You have to wonder just how loud the user base was crying out to be able to redirect Saved Games, but never mind it will be first on my list from now on. Interestingly, under Windows XP, if a user deleted a file it remained in the Recycle Bin on the local machine, whereas under Vista the Recycle Bin is part of the user's profile and lives there in a hidden folder.

As with Windows XP, there are basically two ways to redirect: lump everyone together in a single shared location, or redirect to specific locations based on user group membership. Note that there's a new Vista setting called "Follow the Documents folder", which you can apply to music, pictures and video.

Once you've chosen your target folder, make sure you click on the Settings tab, since you'll discover there's a new checkbox under Vista. In the Settings tab, you can decide whether users have exclusive rights to their documents, or whether you want to enable it so that admins can also look in their folders.

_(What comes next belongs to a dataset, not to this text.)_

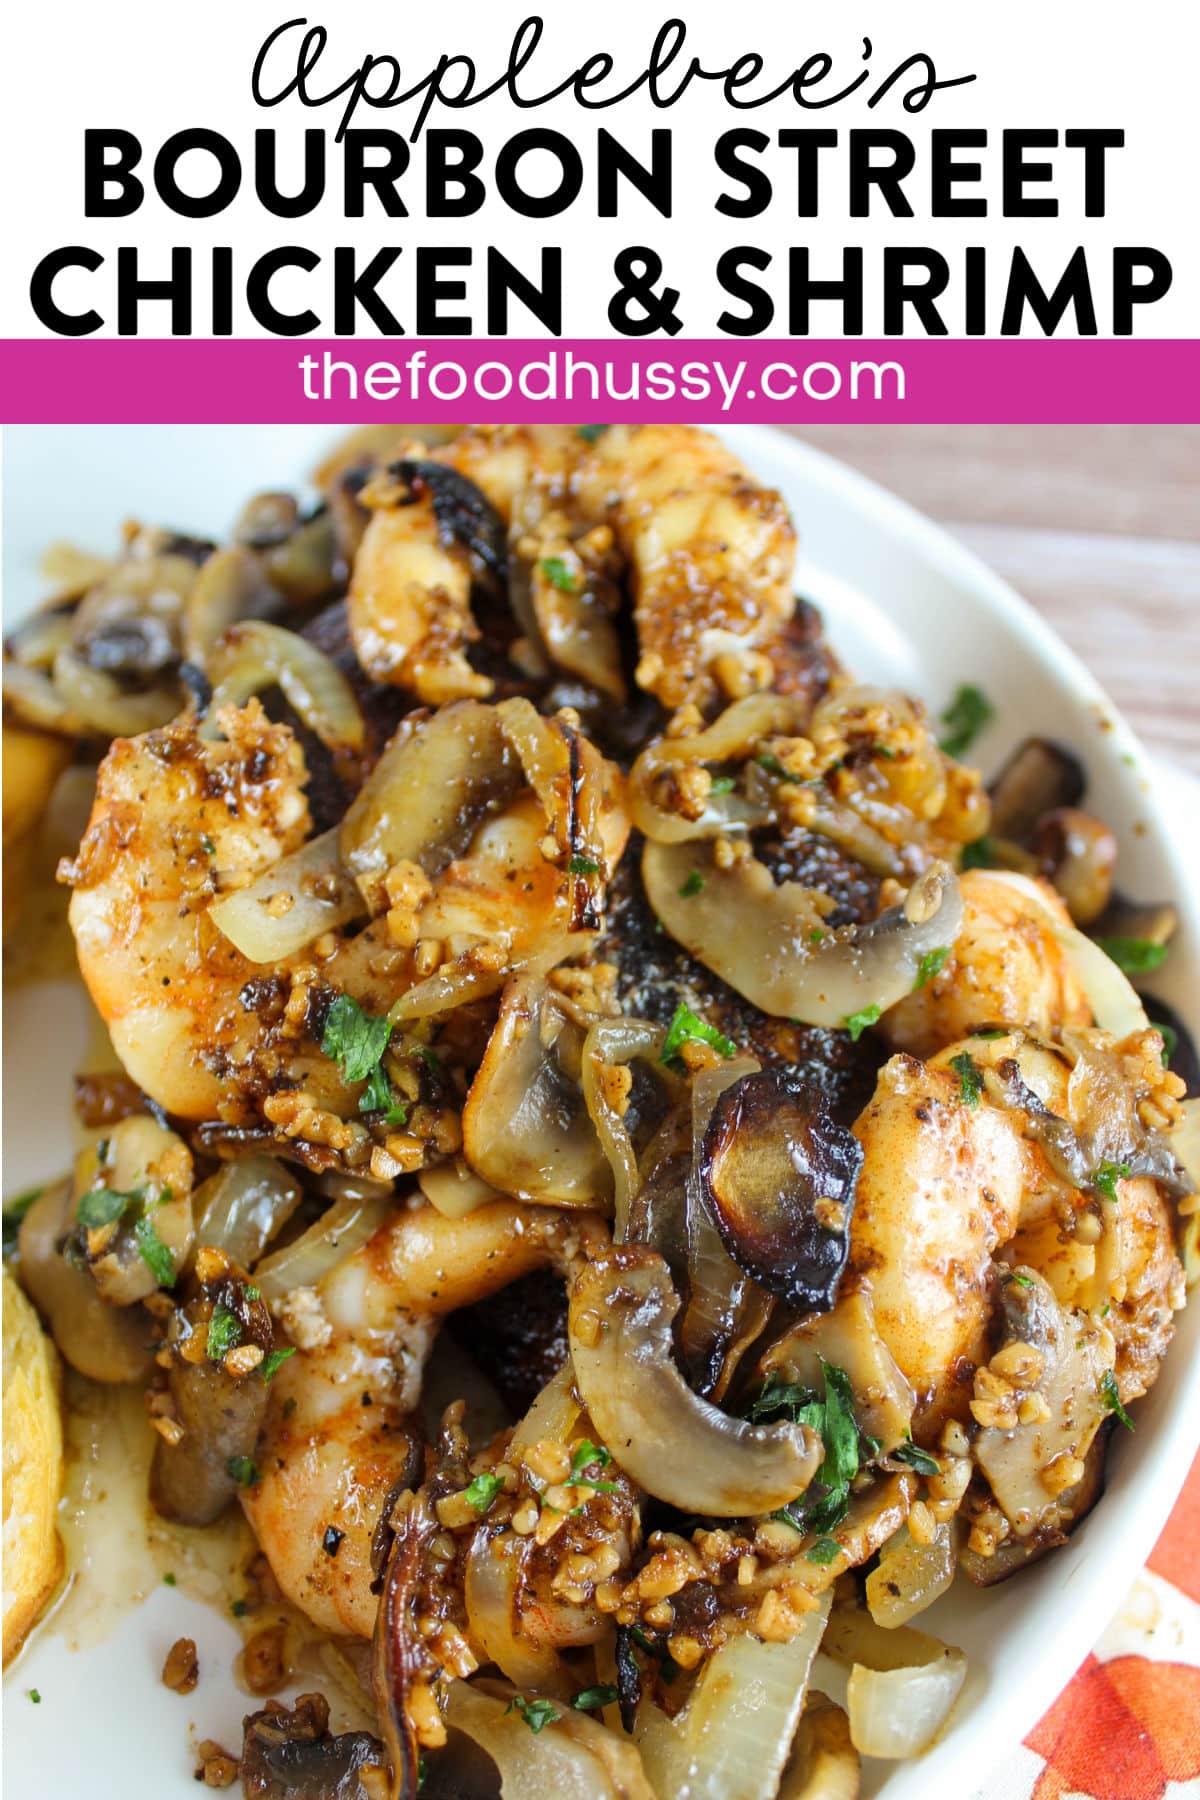 Applebees Bourbon Street Chicken and Shrimp is a sizzling Cajun delight! Cajun-seasoned chicken and shrimp smothered and covered with buttery garlic mushrooms and onions. Serve it like they do with a side of mashed red potatoes! via @foodhussy

That will be a company policy decision, of course, but this isn't something you can easily apply retrospectively. If you want your admins to be able to access user files without having to force their way in by taking ownership of the folders, you really need to enable this setting now.

The next setting down, which you'll invariably leave checked, is "Move the contents of Documents to the new location". This ensures any files the user created before folder redirection was set up are moved to the new target folder. Be aware if a user has created files with the same name in local profiles on different systems, as when you implement redirection only the latest file will be placed in the target folder.

Now, at this point, you'll probably be wondering what happens to the XP redirection folders - I know I was. I was also wondering what would happen on a mixed-mode server network. Not everybody is running just one type of Windows server. The answer lies in the next checkbox, and it's one that you'll only see if you're doing the setting up from a Vista box. The checkbox label reads: "Also apply redirection policy to Windows 2000, Windows 2000 Server, Windows XP, and Windows Server 2003 operating systems". Opt for this and your redirection group policy will now be understood by those operating systems, as opposed to a group policy that only works with Vista. One of the noticeable changes will be that the redirected Documents folder will become named My Documents to bring it into line with the older operating systems (obviously, you can choose any name you like, but it's easier to go with the defaults). One thing this will affect is that if you deploy this setting you won't be able to redirect the music and video folders to specific locations; they'll follow the Documents folder as they did under XP. The Pictures folder can still be redirected to a different location.